The holidays can be a dangerous time for people trying to control their weight. There are parties with food and drink, celebratory dinners with family and friends and plenty of cookies, candy and pastries.
You can easily consume more sugar between October and January than you do the other nine months combined, unless you exercise a little self-control.
The temptation starts with Halloween. In case you haven't noticed stores putting out their Halloween displays around Labor Day. At the grocery store in early October you may be tempted to pick up several bags of Halloween candy.
Unless you have exceptional willpower, that's a bad idea. Once a bag gets opened it's easy to start snacking, running through your candy stash well before October 31st. Halloween candy, it turns out, is a slippery slope that can propel you into the holidays on the wrong nutritional foot.
It can be even worse at work, with co-workers bringing in orange-colored candy, cake, donuts and cupcakes.
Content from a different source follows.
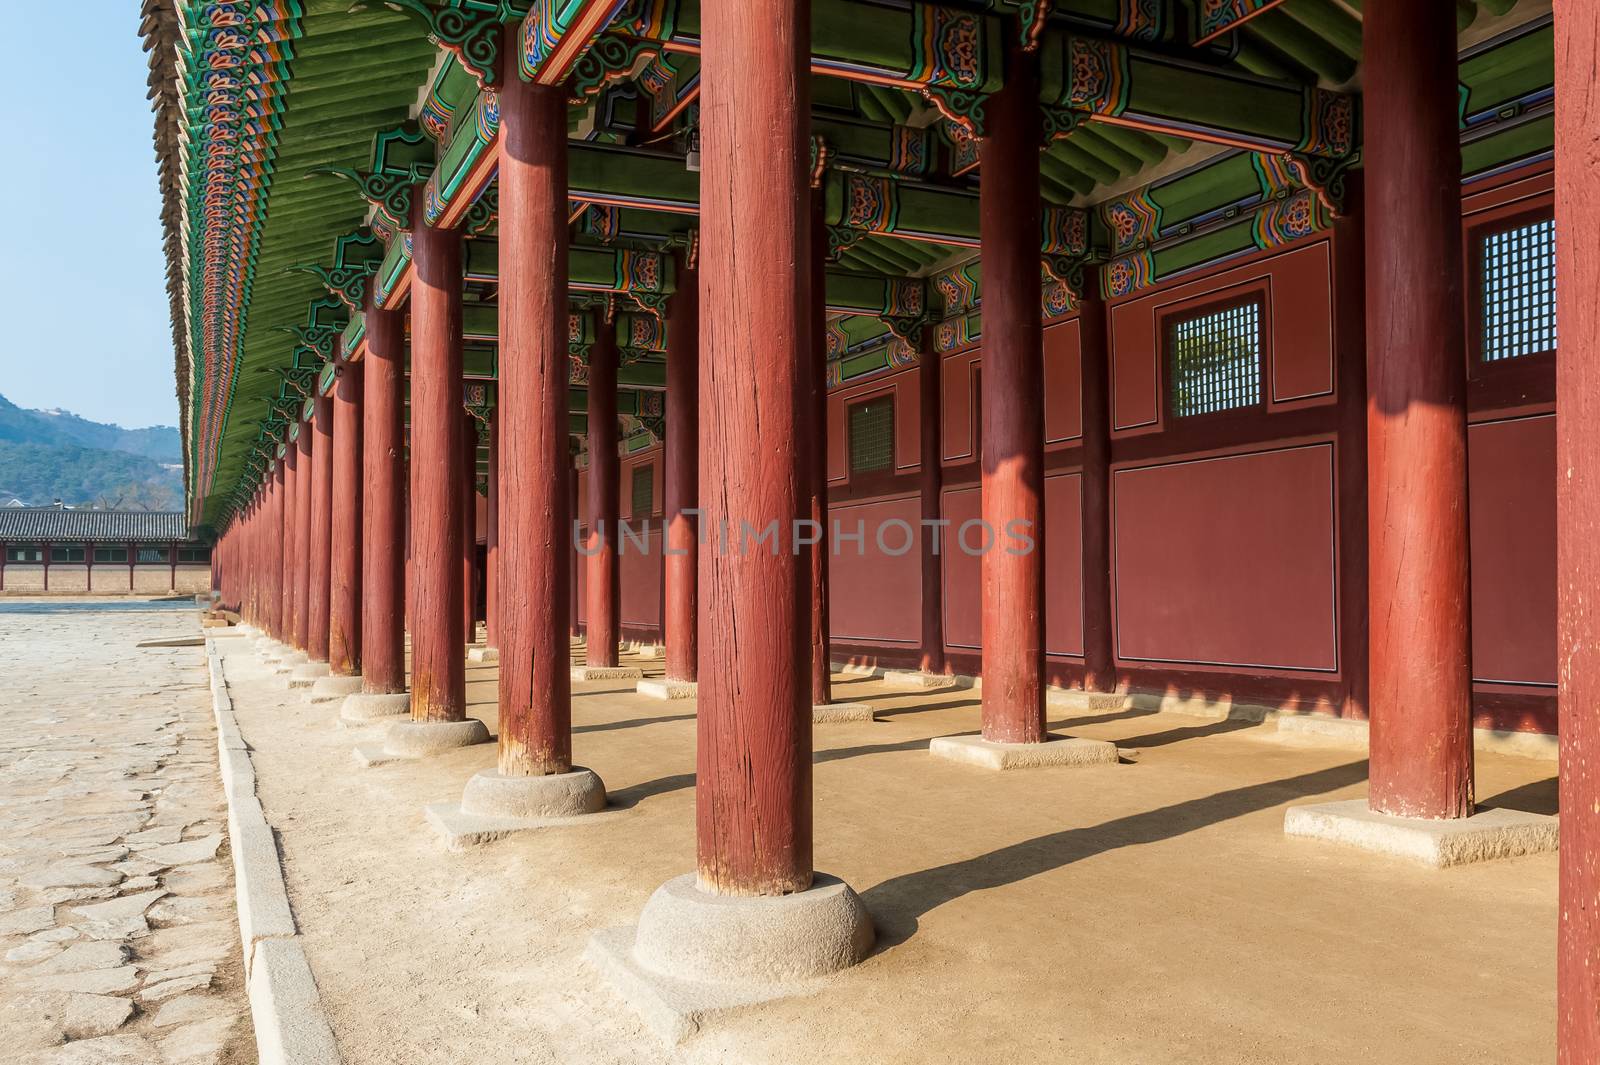 The Gallery of Gyeongbokgung Palace by JasonYU

Health experts Dian Griesel, Ph.D., and Tom Griesel, who've written books on nutrition and weight control, suggest bringing up your concerns at work, letting co-workers know you're trying to avoid temptation and extra weight gain. Gently suggest that they keep candy and other goodies out of your sight and reach.
But that doesn't mean you can't get into the spirit of things. The Griesels suggest brewing a pot of pumpkin-flavored coffee or tea to share or bringing in fruit or low-cal desserts.
On to Thanksgiving
Once you get past Halloween there's Thanksgiving to contend with, and food seems to play a bigger and bigger role in celebrations the closer you get to New Year's Day. Nutritionists at the Cleveland Clinic offer a number of tips that can allow you to enjoy yourself without packing on the pounds. Being aware of the high-calorie content of the food you are offered is a first step.
“Even though it’s hard to resist temptations all around you, there are simple steps you can take that can keep the extra holiday pounds off,” said Julia Renee Zumpano, a registered dietitian at the Cleveland Clinic.
Among the tips – never go to a holiday party hungry. You'll find it much harder to control yourself. In fact, during the holidays make it a point to eat balanced, nutritious meals each day. You'll be less hungry and less likely to give in to temptation.
Just a bite
A particular treat may look delicious and just because it's fattening, it doesn't mean you can't try it. But just take a bite and discard the rest. Most of us would think of that as wasteful but in this case, you're simply preserving your waistline.
When you sit down at a holiday dinner, eat more vegetables, fruit and salad and less turkey, ham, beef and stuffing. And by all means, skip the gravy and sauces.
Go easy on the alcohol. A glass of wine or beer contains about 100 calories. An ounce of distilled spirits, about the same. By substituting club soda for two holiday drinks you save about 200 calories.
Finally, don't forget to exercise, burning off some of those extra calories you will inevitably consume. Many people wait until January to resolve to get into shape. Don't wait, start now when it can do you some real good and before the damage is done.
According to the Mayo Clinic the typical holiday weight gain is probably less than five pounds, which doesn't sound like much. The problem is, that weight is almost never lost -- so it adds up to 50 pounds every ten years or so. Being mindful of your eating all year round – but especially during the holidays – is the best way to keep your weight at a healthy level.